Dans ce chapitre nous avons essayé de présenter une image des migrations actuelles construite à partir des données provenant de sources variées. Procéder de la sorte pour tramer les traces d’un ‘paysage’, d’une part répond à notre proposition méthodologique, mais d’autre part répond à une conviction sur le résultat hétéroclite de la tentative de ‘prendre une photographie’ à un instant des mouvements migratoires contemporains. Donc, même si les rapports des agences internationales montrent un

haut degré d’accord avec les analyses du milieu académique, l’introduction des récits des participants nous a permis de mettre en évidence des tensions par rapport aux versions que nous choisissons de raconter sur ce qu’est la migration. Cependant, en même temps, avoir essayé d’ouvrir l’espace à ces tensions, nous a distanciée du confort qu’implique le fait de trouver ‘une’ réponse sur les particularités du rapport entre les migrations et la globalisation, et de ce fait, sur ce qu’il y a de nouveau quant aux premières. Ainsi nous arrivons aux dernières lignes de ce chapitre avec la question encore ouverte de ce qui est entendu par ‘nouvelles migrations’ et quelles sont les limites de cette caractérisation.

En conséquence, nous voudrions reprendre la discussion en évoquant d’abord l’article « Un essai de typologie des nouvelles mobilités » de Catherine Wihtol de Wenden dans le numéro 1294 de la revue Hommes & Migrations (2001), intitulé ‘Nouvelles mobilités ». Quant à ce numéro, il faut dire que la notion qui apparaît dans son titre, fait référence aux changements quant aux motivations et aux destinations pour migrer et aussi à l’émergence de cadres institutionnels inédits à partir desquels s’organisent les déplacements aujourd’hui (Dewitte, 2001). Tous ces diagnostics sont cohérents avec les données que nous avons exposées auparavant. Cependant, une fois dépassées les consignes introductoires de l’édition, le travail de Wihtol de Wenden (2001) nous permet d’aller plus loin dans la discussion et de penser dans quelle mesure la notion de ‘nouvelles migrations’ nous parle de ‘nouveaux migrants’.

Alors, si d’une part, la sociologue et politologue dédie une grande partie de son article à renseigner des transformations diverses qui configurent le scenario où se placent les migrations actuellement, d’autre part – à notre avis, plus important encore – elle pose les bases pour le débat sur qui sont les migrants aujourd’hui et comment, à partir du domaine des sciences sociales, nous pouvons rendre compte des processus migratoires dans lesquels ils s’investissent. Alors, de notre point de vue, l’intérêt de la perspective de Wihtol de Wenden réside dans la question qu’elle pose sur ce que serait la performance des anciennes typologies migratoires au moment des ‘ nouvelles migrations’

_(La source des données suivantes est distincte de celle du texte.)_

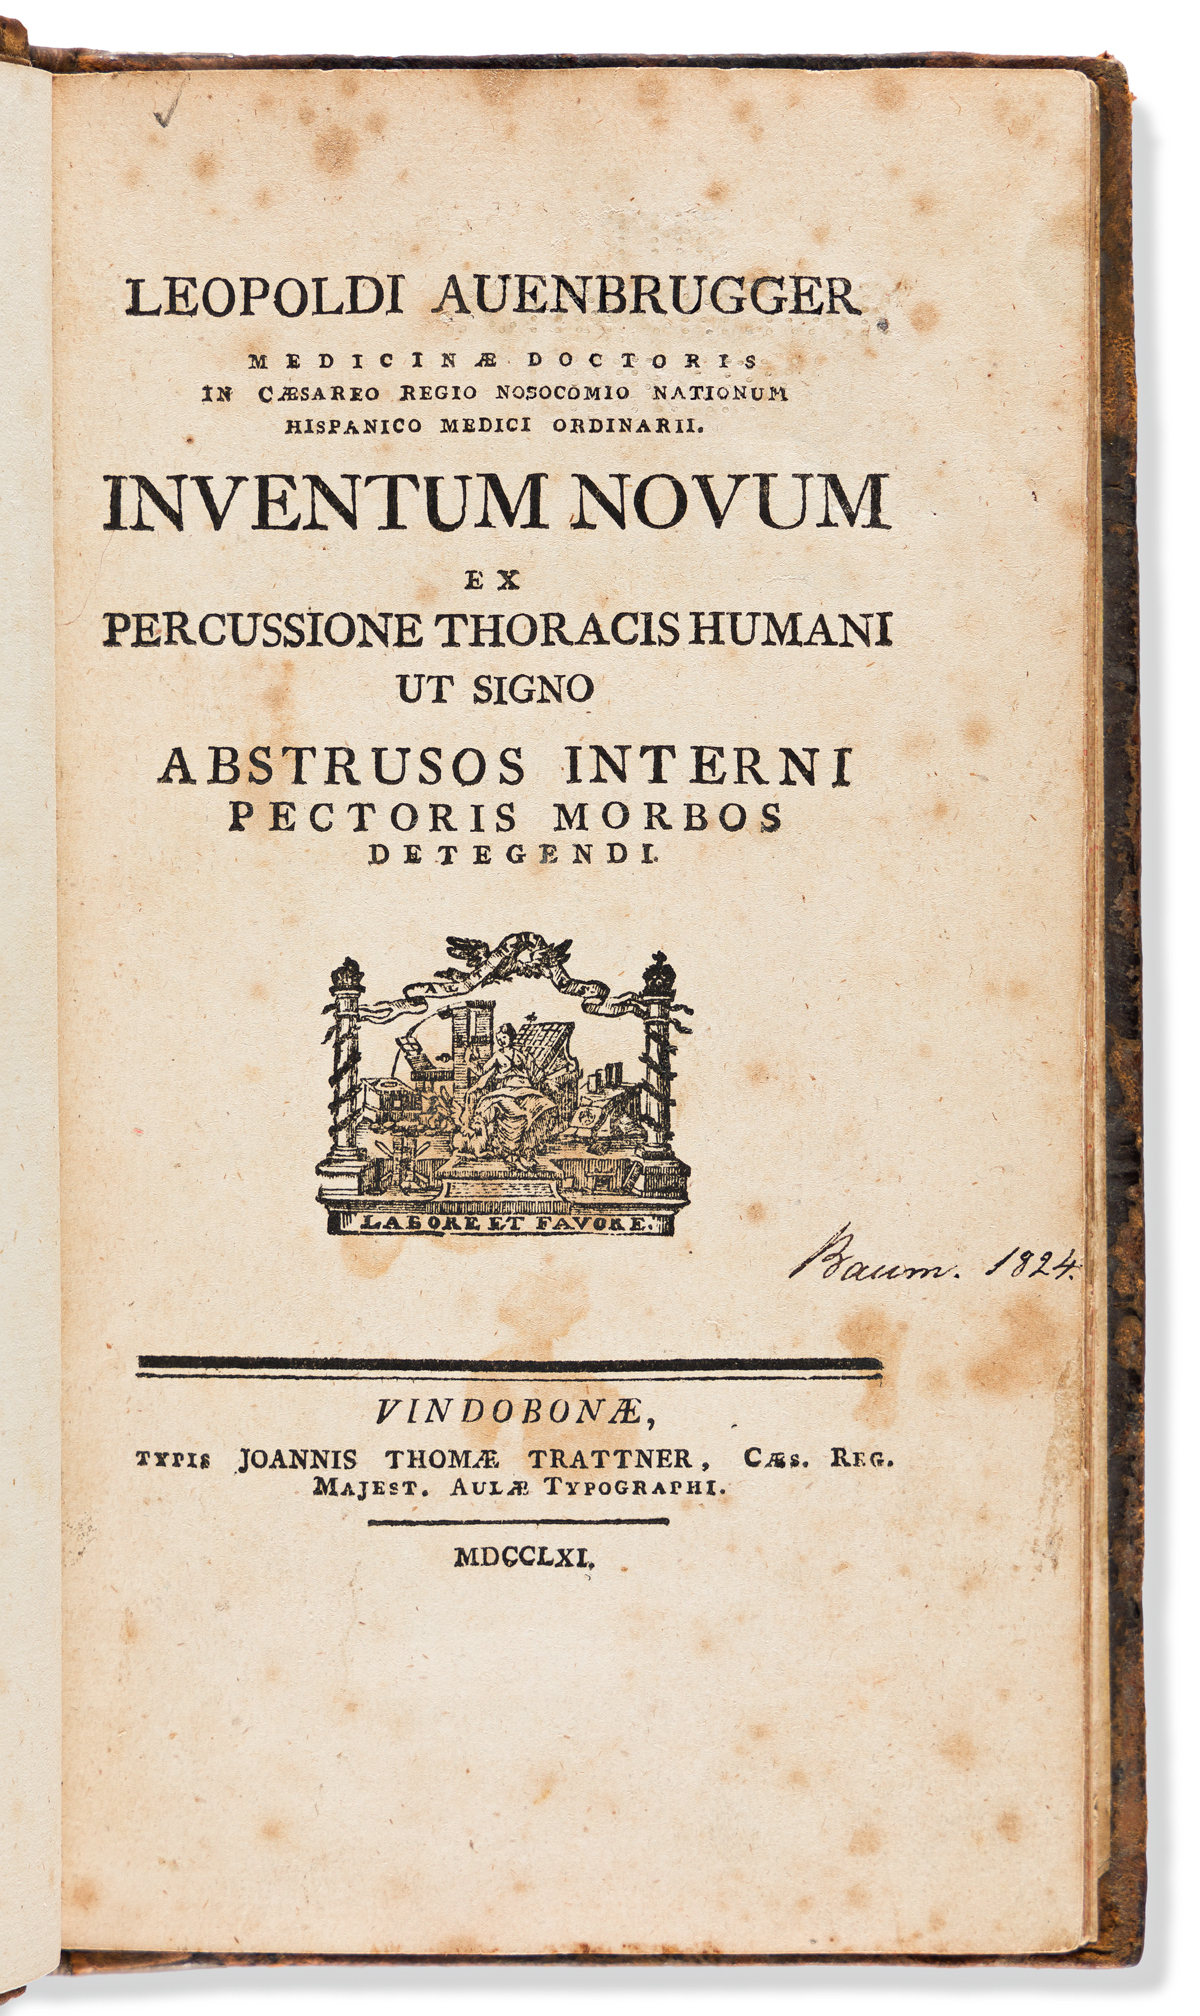 Auenbrugger, Leopold (1722-1809) Inventum novum ex percussione thoracis humani ut signo Abstrusos Interni Pectoris Morbos Detegendi.
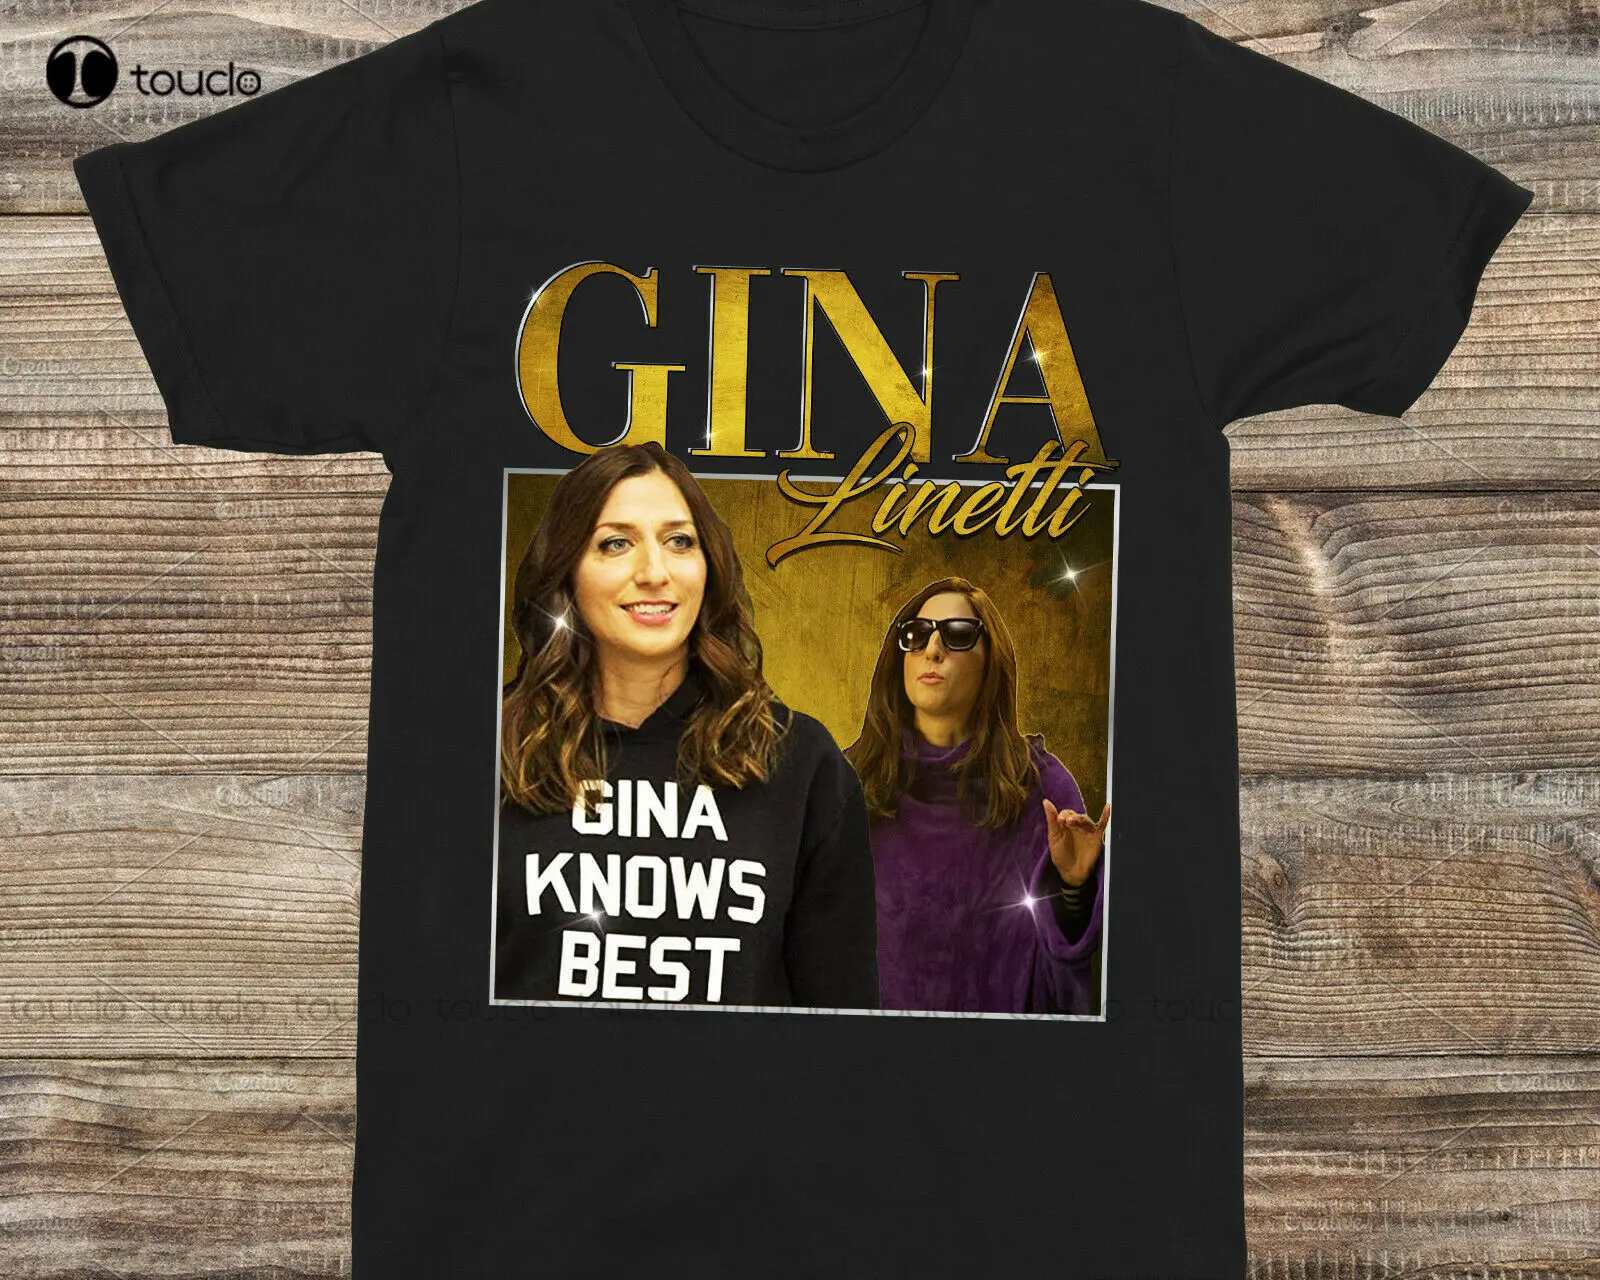 Gina-Linetti Brooklyn 99 Chelsea Peretti 90S T-Shirt Hawaiian Shirts Cotton Tee Shirts Xs-5Xl Streetwear Tshirt New Popular

Prenant en considération les changements du monde actuel, les déplacements qu’il abrite et les efforts précédents pour classifier et analyser ces derniers spatialement, socio-culturellement, par flux migratoires, par logiques migratoires, et d’autres ; elle avance : « la meilleure typologie est sans doute celle qui, loin d’être

construite artificiellement autour des critères abstraits, a une valeur explicative utilisable pour le contexte que l’on étudie. À l’heure de la mondialisation, une typologie distinguant les formes, les facteurs et les objectifs de la mobilité est peut- être la plus pertinente. Mais il faut toujours se garder de s’enfermer dans des modèles trop restreints car il y a, in fine, autant de types de migrations que de migrants eux- mêmes… » (Wihtol de Wenden, 2001 :12). Donc, si cette fois-ci la chercheuse nous propose de reconnaître et d’assumer les limitations des typologies, en même temps elle semble se prononcer en faveur de leur perfectionnement et non de leur abandon.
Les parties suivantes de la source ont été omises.